All of the entries below should be returned verbatim, apart from the pictures.

┄┄┄┄┄┄┄┄┄┄┄┄┄┄┄┄┄┄┄┄

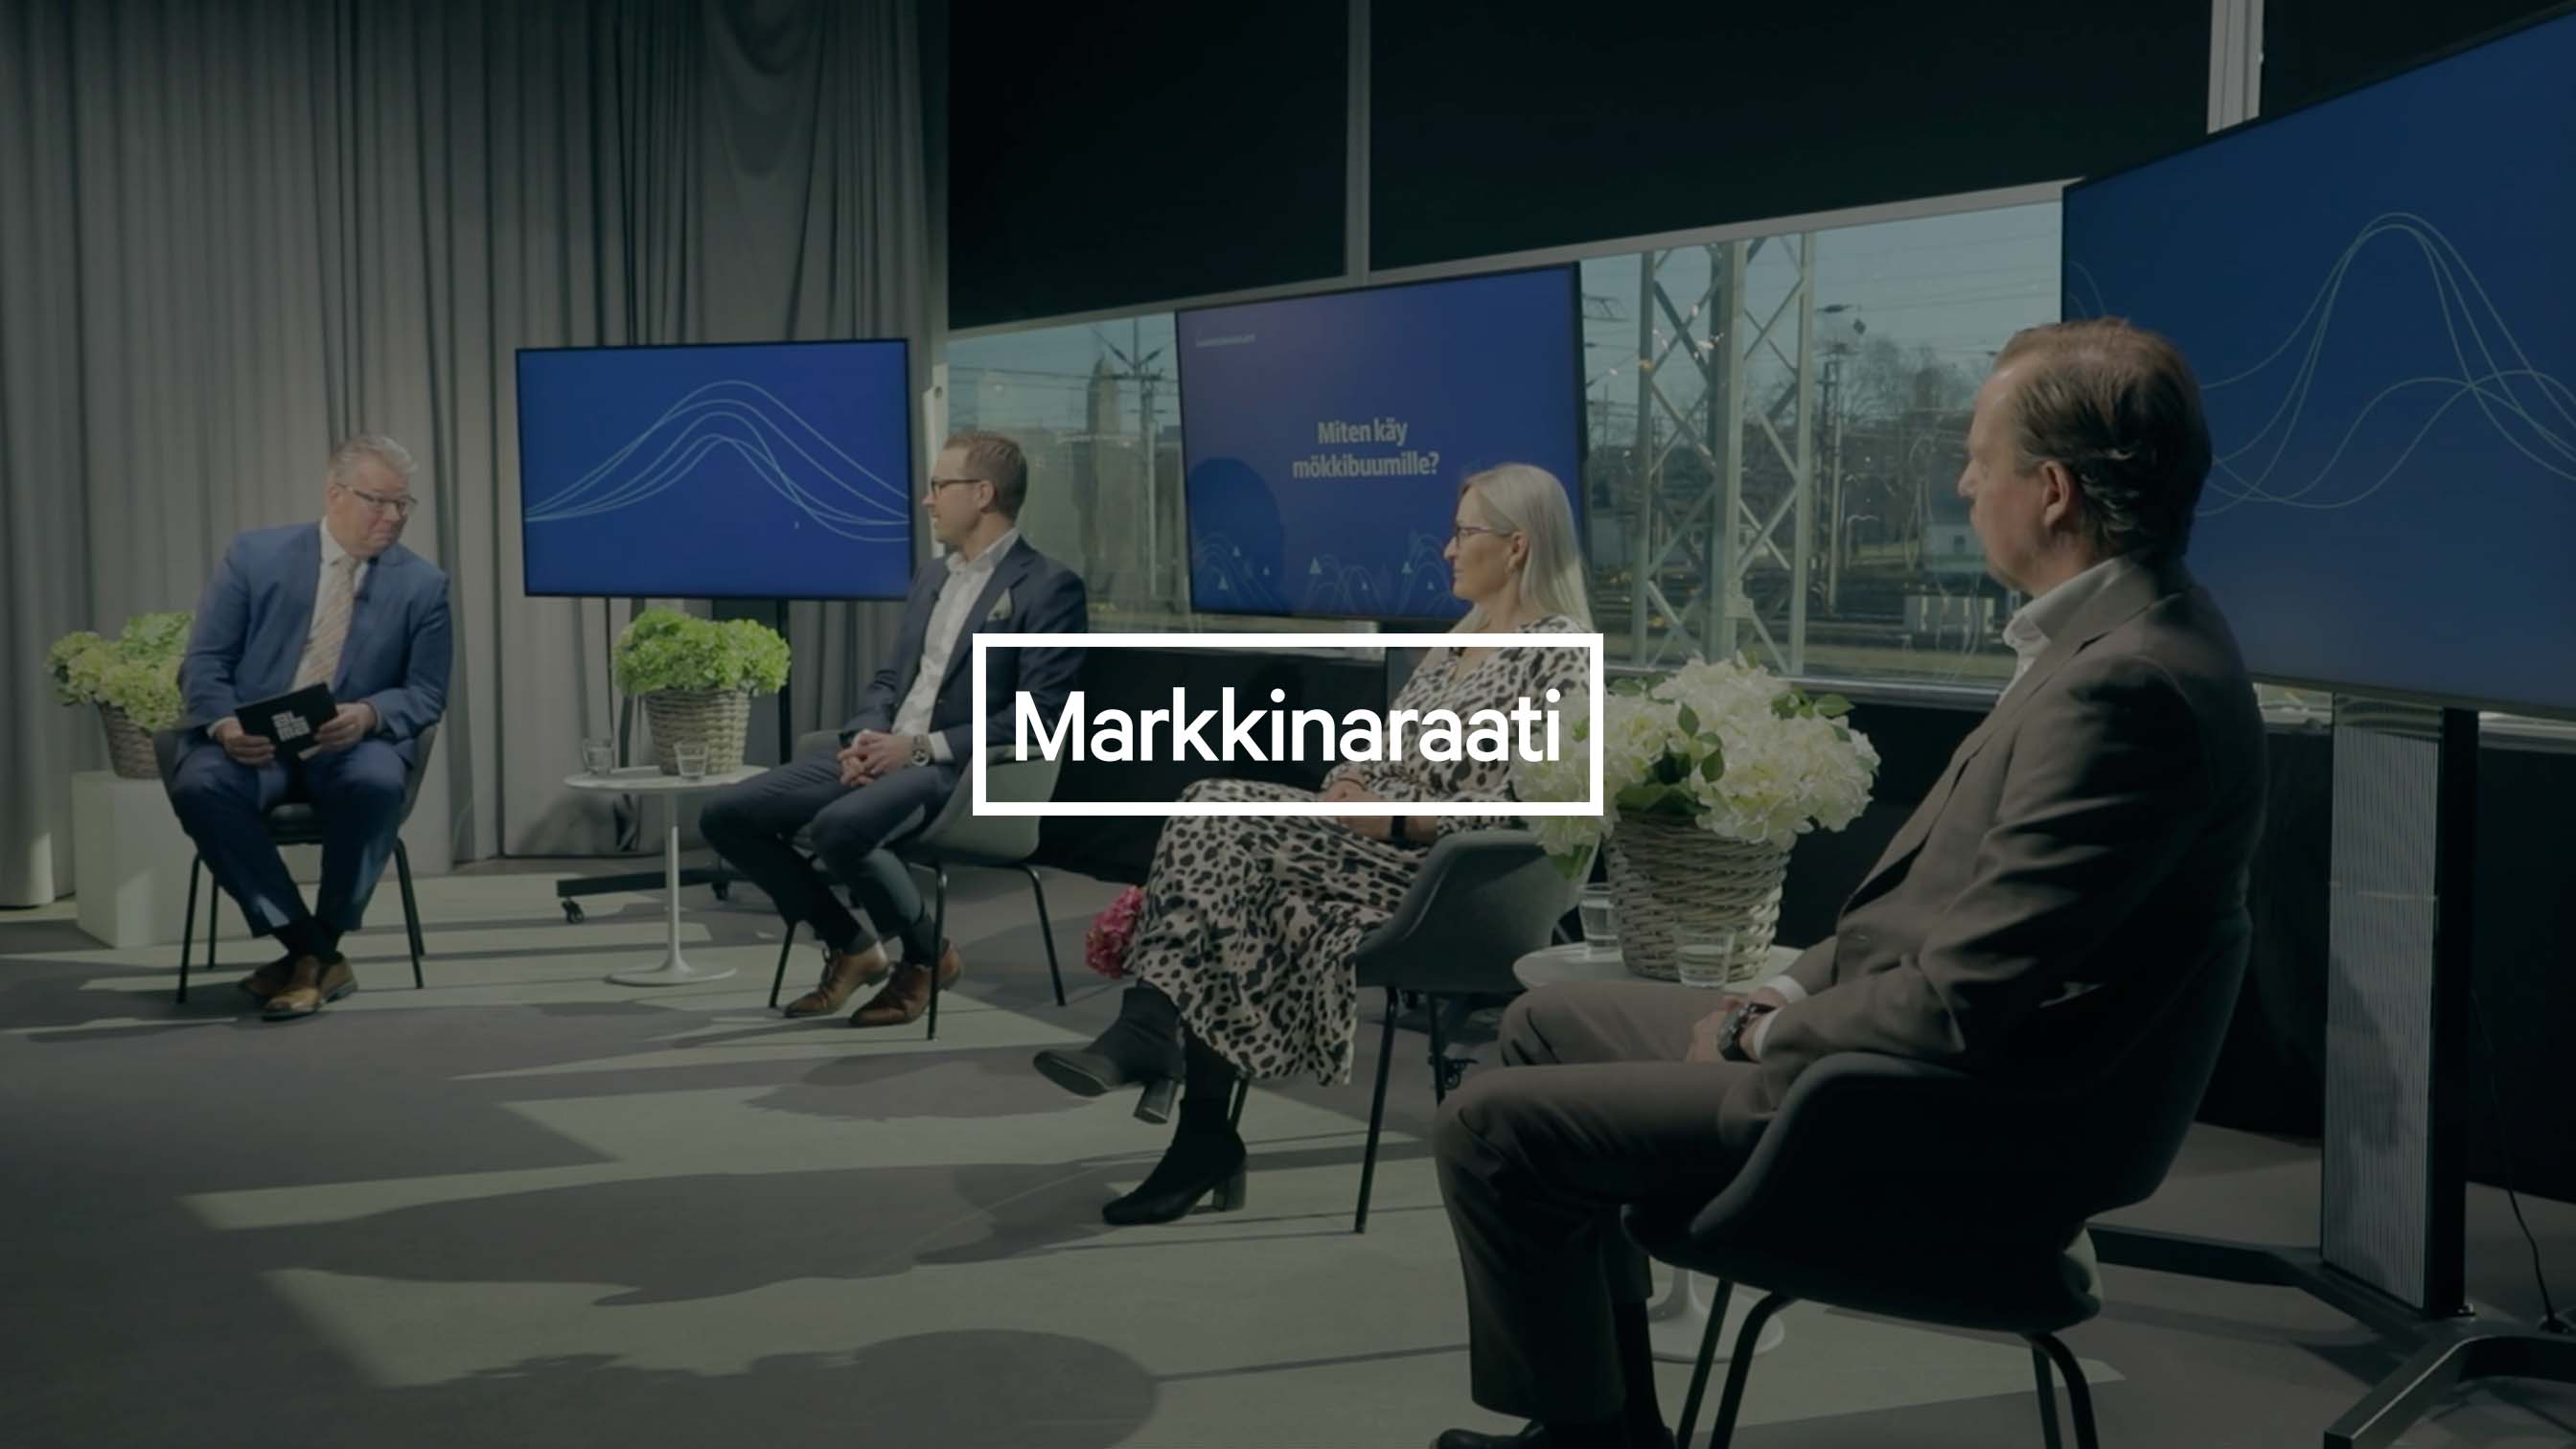 Markkinaraati: Sommarstugeivern i Finland fortsätter
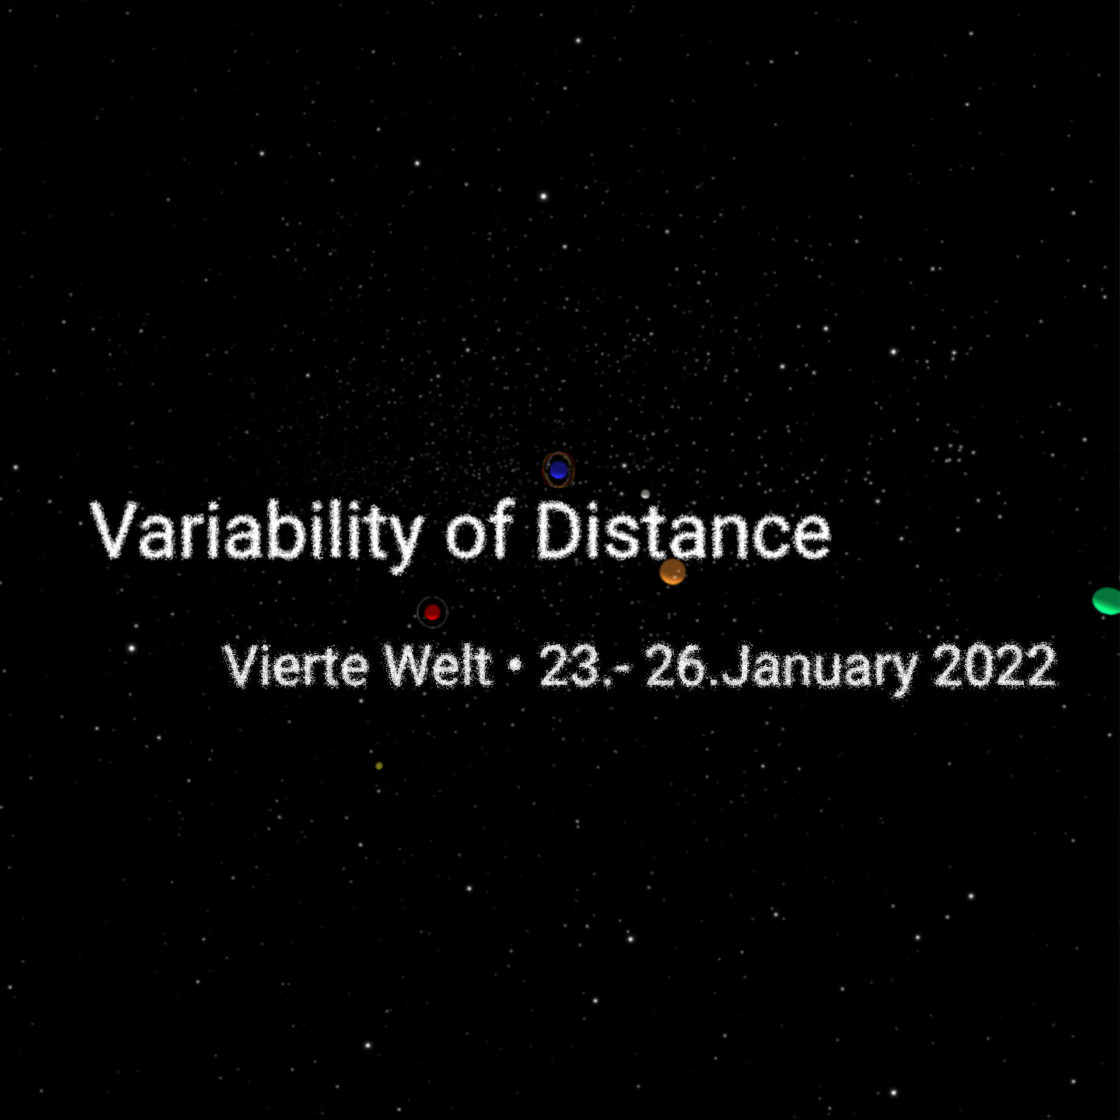 Variability of Distance Vierte Welt 23 - 26 January 2022 im Hintergrund sind Planeten schwebend
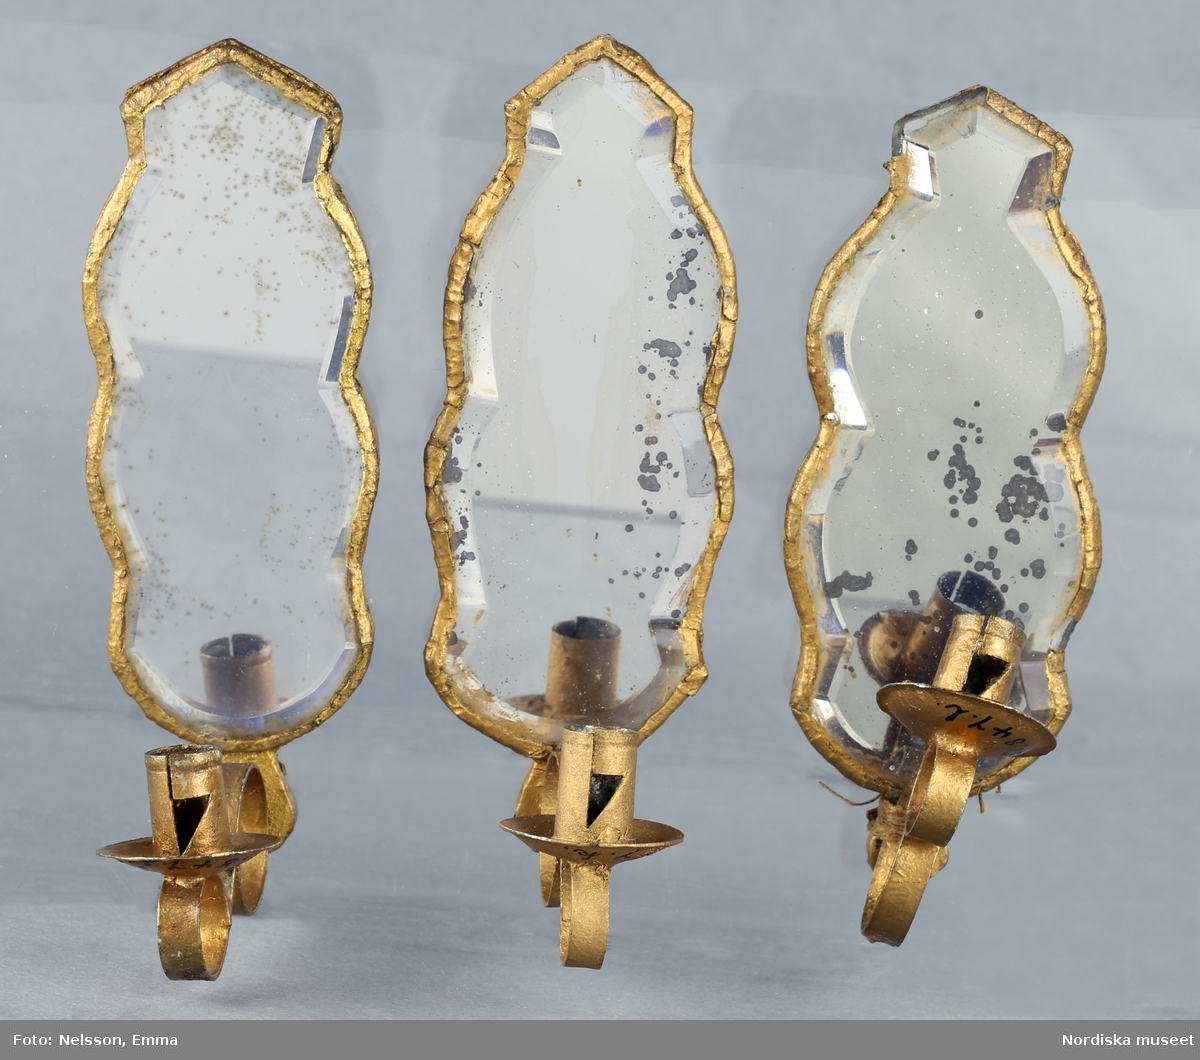 Inventering Sesam 1996-1999:
H 10,5 cm
12 st spegellampetter, konturerat spegelglas med facettslipning, bakstycke av furu. Ljusarm av ihoprullat stålband. Några glas med fläckar.
Tillhör dockskåp 151.825.
Birgitta Martinius 1996
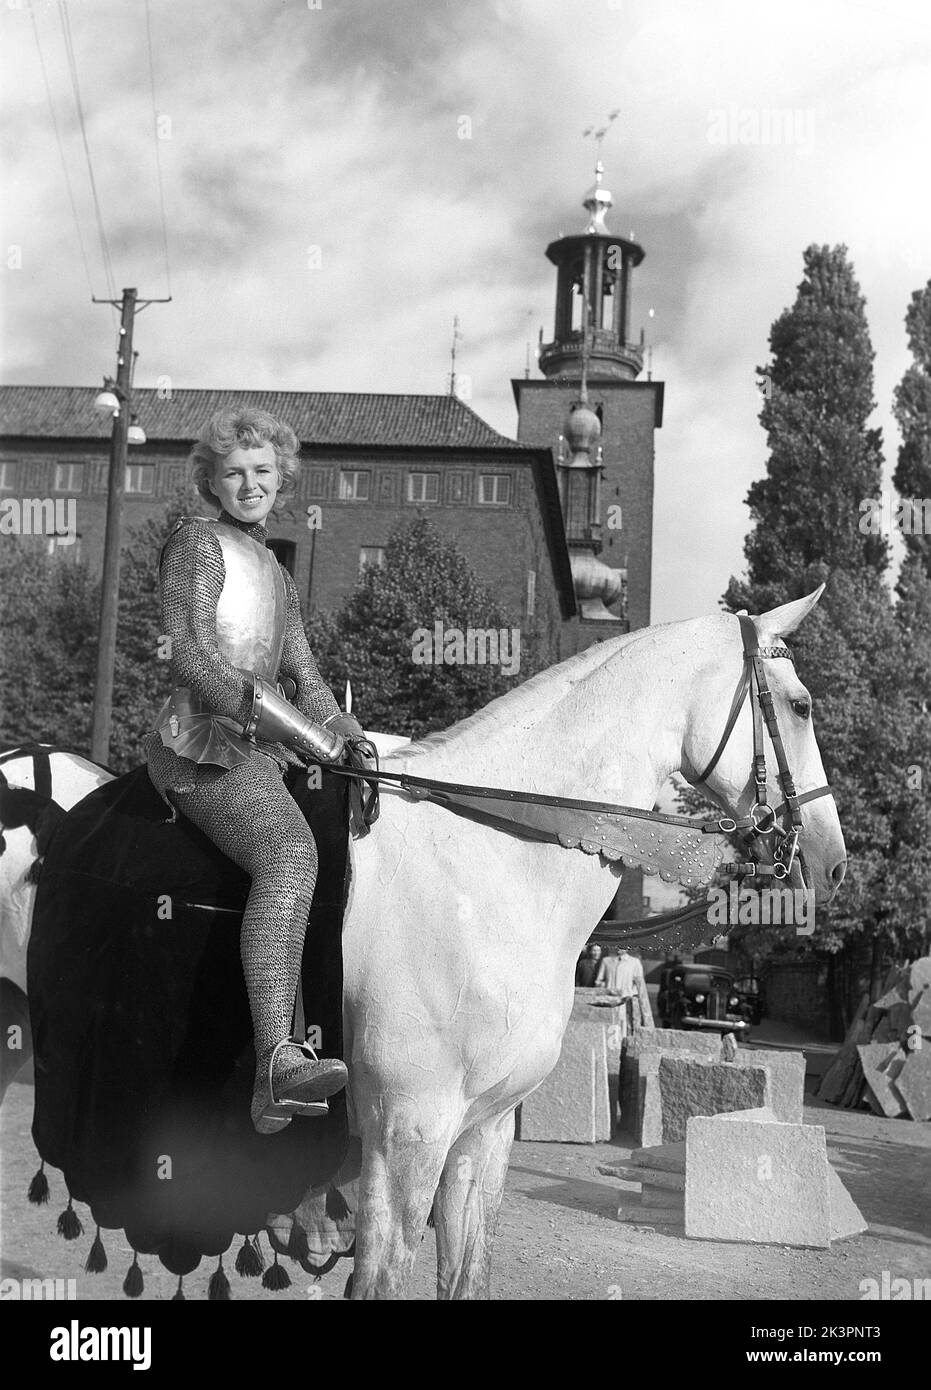 Negli anni '1940s. Il film americano Jeanne d'Arc è stato promosso per la sua prima proiezione e Kerstin Bergo è stato scelto per agire come Ingrid Bergman nel pr-stunt. Sembrava un po' Ingrid Bergman e poteva cavalcare. Sullo sfondo del municipio di Stoccolma. Stoccolma Svezia 1949. Kristoffersson rif AO17-4 Foto Stock

┄┄┄┄┄┄┄┄┄┄┄┄┄┄┄┄┄┄┄┄

_Answer box_:
 Markkinaraati: Sommarstugeivern i Finland fortsätter
 Variability of Distance Vierte Welt 23 - 26 January 2022 im Hintergrund sind Planeten schwebend
 Inventering Sesam 1996-1999:
H 10,5 cm
12 st spegellampetter, konturerat spegelglas med facettslipning, bakstycke av furu. Ljusarm av ihoprullat stålband. Några glas med fläckar.
Tillhör dockskåp 151.825.
Birgitta Martinius 1996
 Negli anni '1940s. Il film americano Jeanne d'Arc è stato promosso per la sua prima proiezione e Kerstin Bergo è stato scelto per agire come Ingrid Bergman nel pr-stunt. Sembrava un po' Ingrid Bergman e poteva cavalcare. Sullo sfondo del municipio di Stoccolma. Stoccolma Svezia 1949. Kristoffersson rif AO17-4 Foto Stock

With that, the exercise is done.